Джордж Райт
Абстиненция
Джордж Райт
Абстиненция
Больше всего на свете Питер Джордж Вейнард любил читать.
Собственно, в его жизни было два устойчивых больших чувства: любовь к книгам и нелюбовь к людям. Первое было сильнее, зато второе проявилось раньше. Еще до того, как маленький Питер научился не просто складывать буквы в слова, но и погружаться целиком в описываемый этими словами мир, он уже смущал своих родителей, наотрез отказываясь ехать в одном лифте с соседями по дому. Разумеется, в условиях большого города подобное недоверие ребенка к чужим можно только приветствовать; однако Питером двигала вовсе не осторожность, а именно неприязнь к этим большим, скучным и, как тогда уже начал подозревать мальчик, чрезвычайно глупым существам. Он не ждал от них ничего хорошего; даже если они угощали его конфетой (разумеется, с согласия миссис Вейнард), то лишь затем, чтобы услышать в ответ его «спасибо», точно он был дрессированной собачкой (они обожали собачек и прочих безответных тварей; вообще удивительно, до чего сходно люди относятся к детям и домашним животным — в любом парке каждый вечер можно услышать «Иди к мамочке!», адресованное какой-нибудь болонке). То, что они сами были глупыми, составляло еще полбеды: хуже, что они и его, Питера, считали глупым и вели себя с ним соответствующе, задавали глупые вопросы и учили его глупым правилам, лишенным всякой целесообразности. Питер не знал еще слова «целесообразность», но прекрасно понимал, что нет никакого смысла разговаривать, если тебе нечего сказать; отвечать на вопрос, заданный без всякого интереса; здороваться с теми, до кого тебе нет никакого дела и кому нет дела до тебя. От них, этих скучных существ с их бесконечными разговорами, в которых они обсуждали друг с другом очередной телесериал или перемывали косточки себе подобным, исходили все запреты и ограничения: из-за них нельзя было бегать по квартире, громко кричать, ложиться спать и вставать тогда, когда хочется, а не когда они велят; из-за них надо драть волосы расческой и вообще «выглядеть прилично», чтобы им было приятно на тебя посмотреть, в то время как их совершенно не заботит, приятно ли тебе смотреть на них. Они ерошили Питеру волосы и целовали его, а бедный мальчик лишь украдкой морщился, не решаясь сказать, как ему противно.

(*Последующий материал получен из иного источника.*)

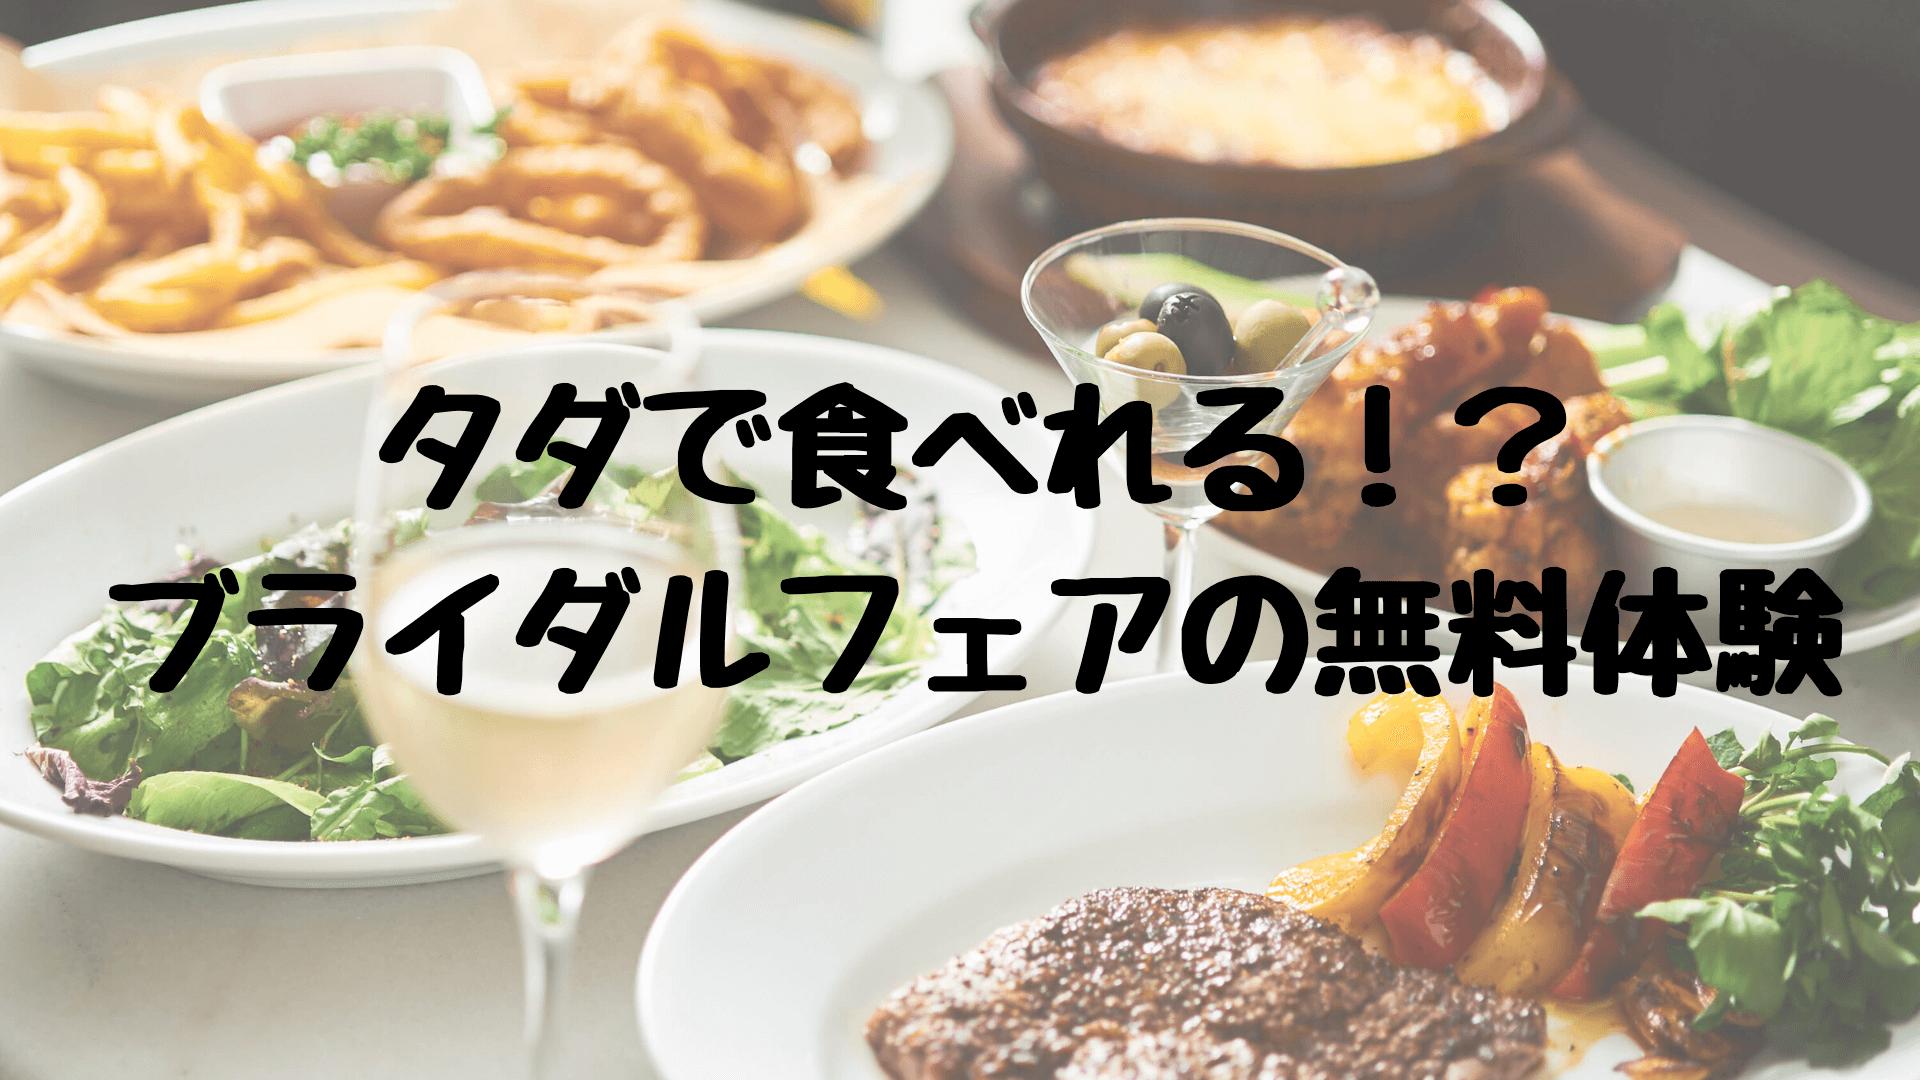 無料でコース料理が食べられるブライダルフェアを紹介している画像

Таково было отношение юного Вейнарда к взрослым; однако когда он пошел в школу, то понял, что дети гораздо хуже. Впрочем, в этом не было ничего удивительного: ведь это были их дети. Визгливые, глупые, жестокие. Питер рано понял, в чем состоит основное отличие ребенка от взрослого: если взрослый хоть как-то прячет темные стороны своей натуры под пленкой пусть лицемерных, но все же общепринятых правил, то жестокость детей не сдерживается и не ограничивается ничем. Питер учился лучше всех в классе и к тому же не отличался физической силой: нетрудно догадаться, что он стал желанной мишенью детской стаи. Мысль о том, что эти скудоумные троечники, эти ничтожества, считающие, что часами гонять мяч — это интереснее, чем читать, дразнят его, Питера, была настолько нестерпимой, что он мгновенно выходил из себя, к великой радости малолетних садистов. Впрочем, сам Вейнард тоже не был паинькой: он не только с интересом отрывал насекомым лапки и крылышки, наблюдая за их агонией, но и регулярно принимал участие в травле своих одноклассников, как только стая избирала себе новую жертву. Его оружием были не кулаки, а интеллект: чрезвычайно обидные насмешки, дразнилки в стихах, карикатуры, которые он рисовал с большим умением. Не раз Питер с удовольствием наблюдал, как очередной его враг ревет в голос, размазывая сопли и слезы по красному лицу; однако нередко объектами его издевательств становились и те, кто никогда не причинял ему зла. Но даже и тогда Питер не чувствовал себя частью стаи — она была лишь его орудием, позволяющим оттачивать остpоумие. Постепенно он все более противопоставлял себя стае, толпе, коллективу, обществу; он старался все более дистанцироваться от них, минимизировать, по мере возможности, свое общение с Чужими. Задолго до того, как он впервые прочел Сартра, Вейнард пришел к тому же выводу, что и теоретик экзистенциализма: ад — это Другие.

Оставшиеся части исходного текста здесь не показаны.